Exporting BigQuery tables to one or more files on Google Storage
If you are on the topic of Modern Data Stack, most probably you’ve come across the term ‘Reverse ETL’ which can be defined as the process of copying data from your central data warehouse to your operational tools.
You might think, wait a moment, is it not just another data pipeline with a source & target being reversed? One reason behind establishing Reverse ETL as the stand-alone approach is the ability to delegate the handling of API schema changes to reverse ETL vendors. Regardless, of whether you think Reverse ETL is a new approach or just another data pipeline, you might have a use case when you need to export a BigQuery table to Google Storage with dbt/unload a Redshift table to S3 with dbt. As I could not find a solution on the Internet on how to achieve it, I decided to do a quick write-up on the potential options.

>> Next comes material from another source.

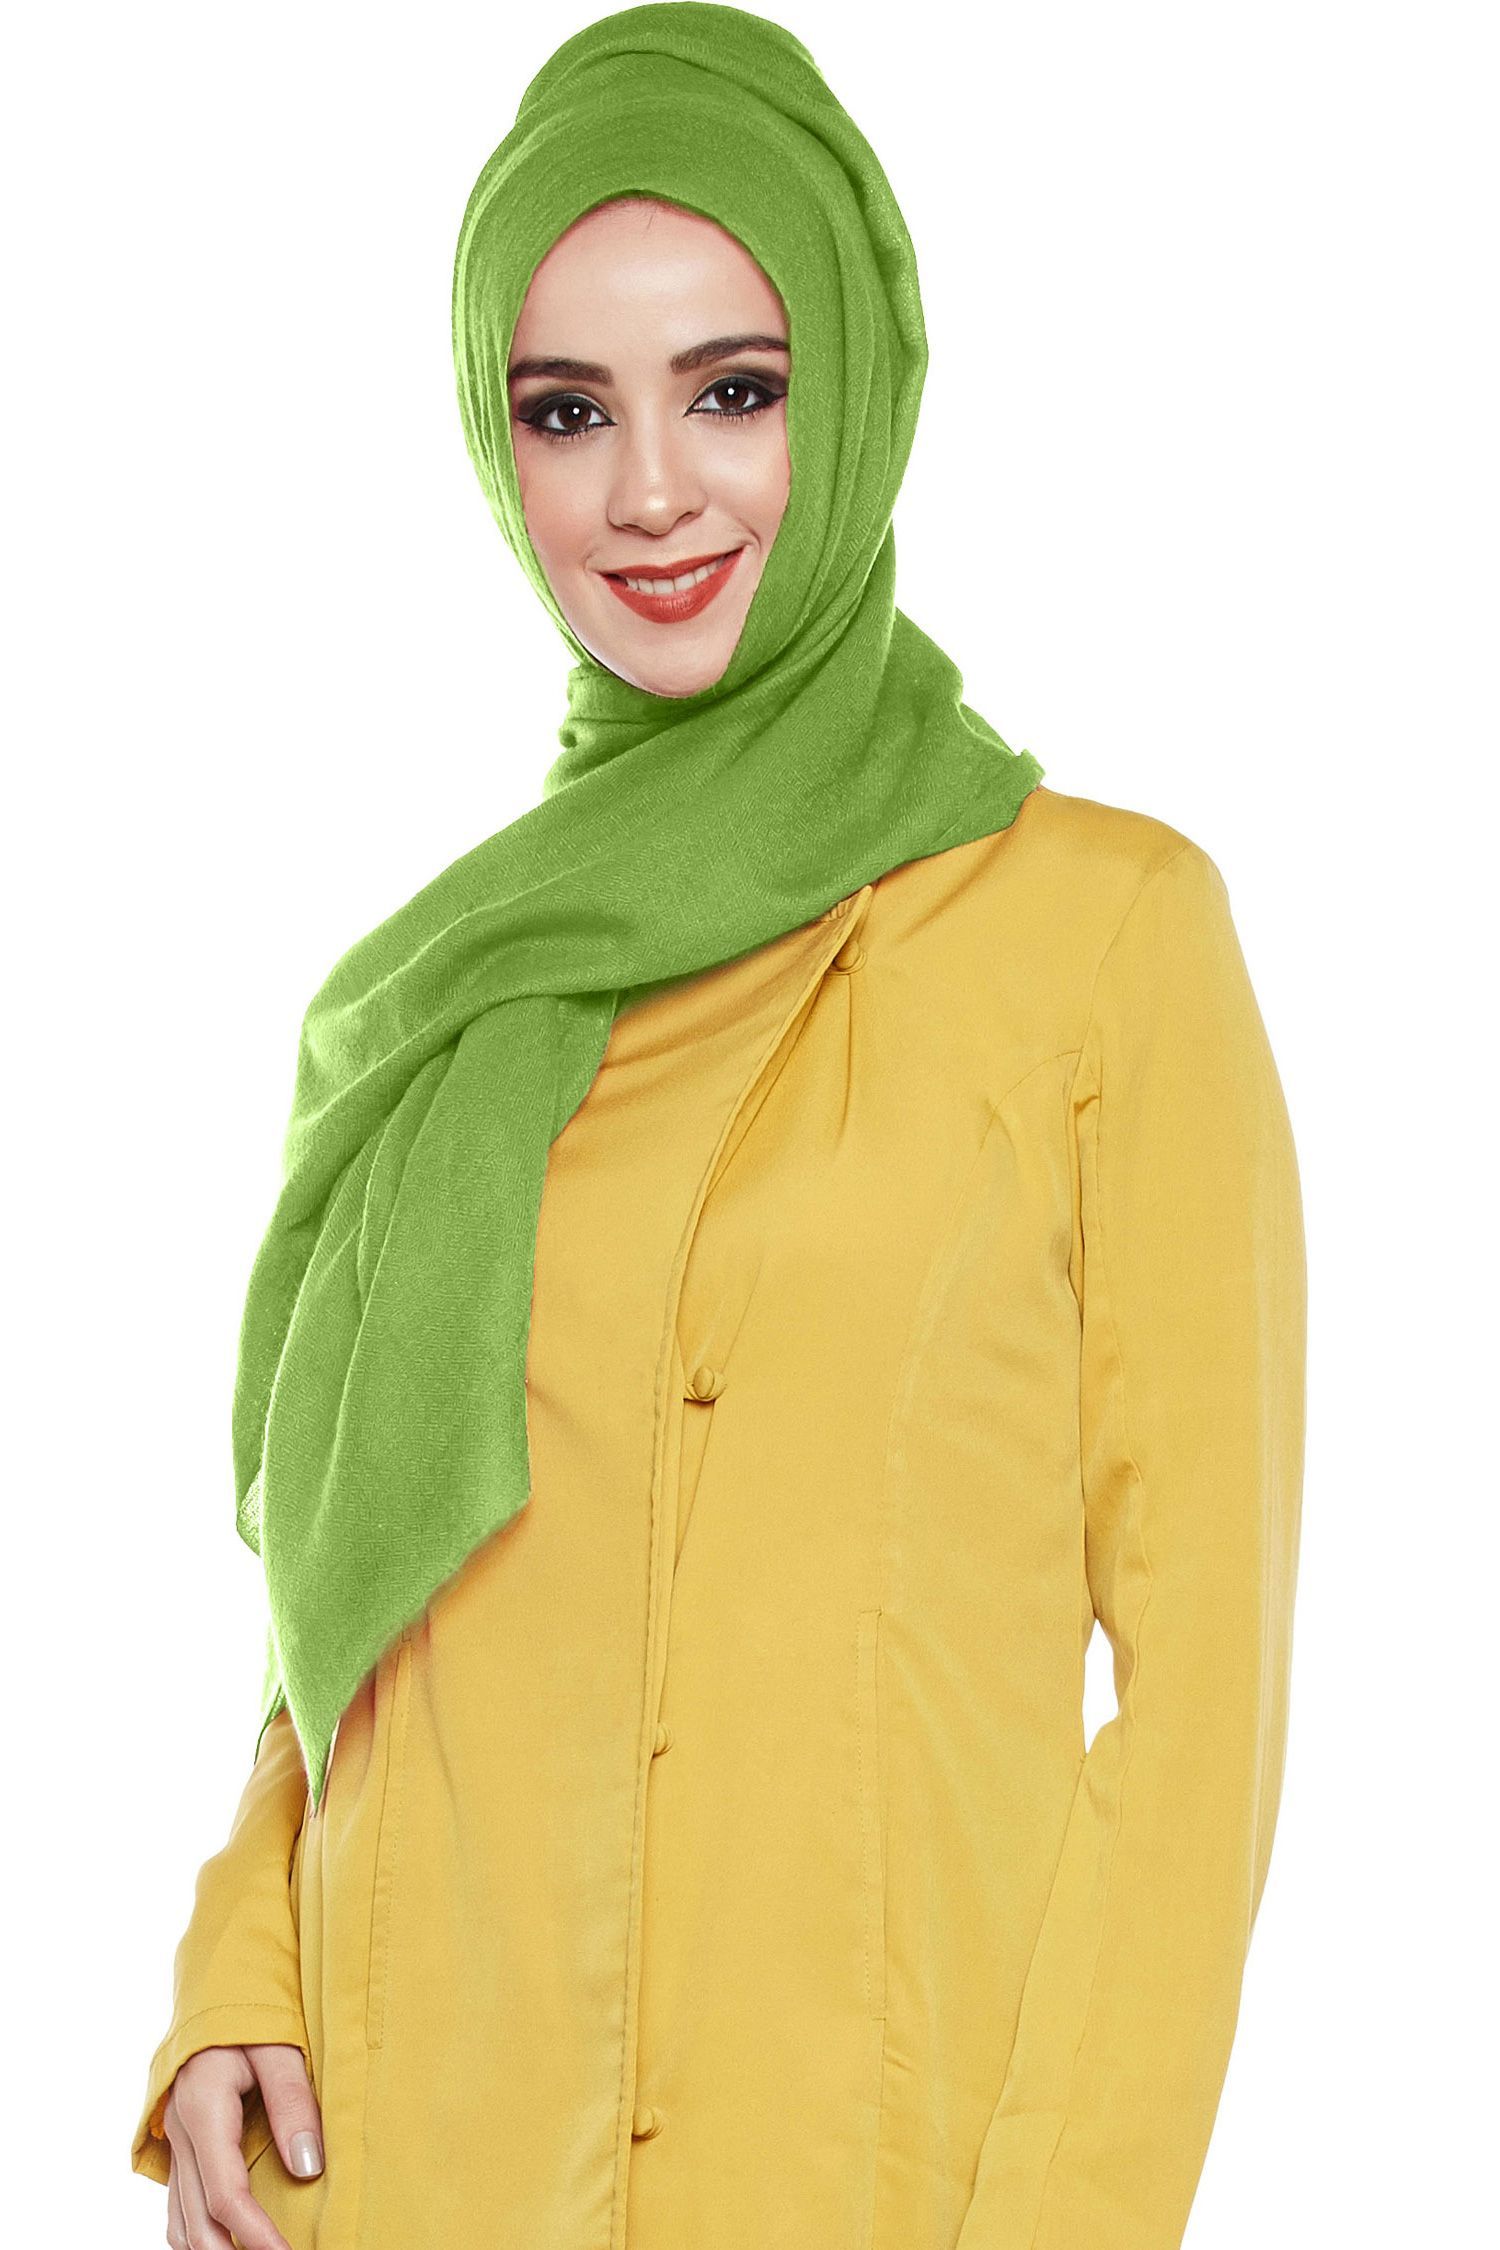 Fern Green Pashmina Hijab | Handmade Cashmere Head Scarf

Option 1 or Reverse ETL tools
Based on the listing at https://www.moderndatastack.xyz/companies/reverse-etl-tools (the list extracted on 11/16/2022) and the website reviews, the following Reverse ETL tools have a dbt integration and allow saving output to Google Cloud Storage.

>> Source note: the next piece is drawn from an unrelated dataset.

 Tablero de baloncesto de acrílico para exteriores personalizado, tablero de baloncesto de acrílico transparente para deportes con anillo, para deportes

| service | site | dbt integration | output to GCS |
|-------------|------------------------------|-----------------|---------------|
| RudderStack | https://www.rudderstack.com/ | yes | yes |
| hightouch | https://hightouch.com | yes | yes |
| grouparoo | https://www.grouparoo.com | yes | no |
| omnata | https://omnata.com/ | yes | no |
| Census | https://www.getcensus.com/ | yes | yes |
Option 2 or post-hook/pre-hook with dbt
As per dbt, Pre-hook/post-hook is ‘a SQL statement (or list of SQL statements) to be run before or after a model, seed, or snapshot is built.’ As in our case, we want to export raw data from one of the daily jobs to GCS, we set up a post-hook with the model looking as follows.
{{ config(
post_hook = "EXPORT DATA OPTIONS(
uri='gs://<bucket_name>/<file_path_inside_bucket>_'||current_date()||'*.csv',
format='CSV',
overwrite=true,
header=true,
field_delimiter=',') AS (select * from {{ source('project-name.dataset', 'table-name') }} "
) }}
select * from {{ source('project-name.dataset', 'table-name') }}
Keep in mind that for the post-hook to work, you need to grant appropriate permissions in your GCS, e.g. Storage Object Viewer or Storage Object Creator to your service account you use to authenticate BigQuery and dbt Cloud.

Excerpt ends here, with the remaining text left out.